Solving Communication problems between DB and ASM instances

    Nov 7, 2017 5:29:00 PM by Deiby Gomez

    Introduction

    Most of the time I write how-to articles or I am introducing a new feature of Oracle Database. Those articles contain new information that’s good to know and help people fix issues or to use a function/feature, but in this time I am writing about situations I have had. It’s good for readers and beginners to know those little details around how an issue was fixed, what daily work is like for another DBA, or just to read a funny story. In this article I will tell a story regarding a problem a customer had a long time ago; the root cause is not frequent (I hope!) but if we don’t understand the relevant concepts we could spend several hours trying to find out a root cause that could be easy to identify when the our concepts are solid.

    Infrequent, but it can happen

    A long time ago I received a call from a customer saying that there were some errors in the database instance.

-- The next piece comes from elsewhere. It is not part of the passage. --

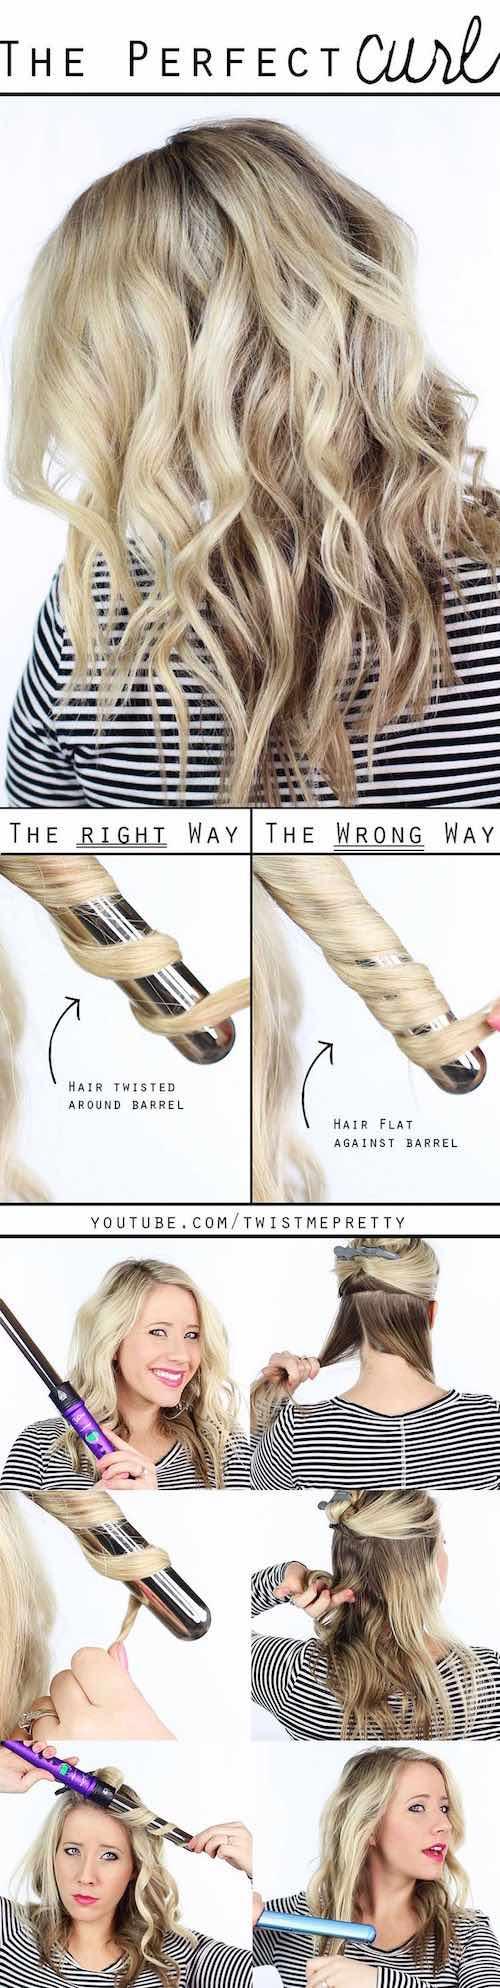 Cómo lograr los rizos perfectos para los peinados para novias boho. Peinados Boho Paso a Paso.

Well, interestingly the databases were executing DMLs properly without any issue. I asked the customer if these errors appeared only with one specific operation like an Insert, or like a CREATE <something>, etc.; and he said that he was running a script received from the application team to create several tablespaces with its datafiles.  When he was running the script he was receiving the following errors:

    ORA-01119: error in creating database file '+DATA'
    ORA-17502: ksfdcre:4 Failed to create file +DATA
    ORA-27300: OS system dependent operation:open failed with status: 2
    ORA-27301: OS failure message: No such file or directory
    ORA-27302: failure occurred at: sskgmsmr_7

    First, you can see that the set of errors says that there is a directory or file that doesn’t exist in the OS; on the other hand, it points to the ASM disk group, which in this case is “+DATA”. So this is confusing, because either the file that the database is looking for is in ASM or it is in the OS.  I did a quick check of the database instance and it was OK. There were no errors in the alert log, all the disks were healthy. On the database side, however, there seemed to be some issues, specifically with the sentences “CREATE TABLESPACE” which the customer had in the script provided by the application team.

    So, the clues were:

    • No issues with the ASM Instance
    • DMLs were being executed successfully in the database instance.
    • CREATE TABLESPACE statements fail in the database instance.
    • ASM and OS are both involved in a “file” or “directory” that doesn’t exist. 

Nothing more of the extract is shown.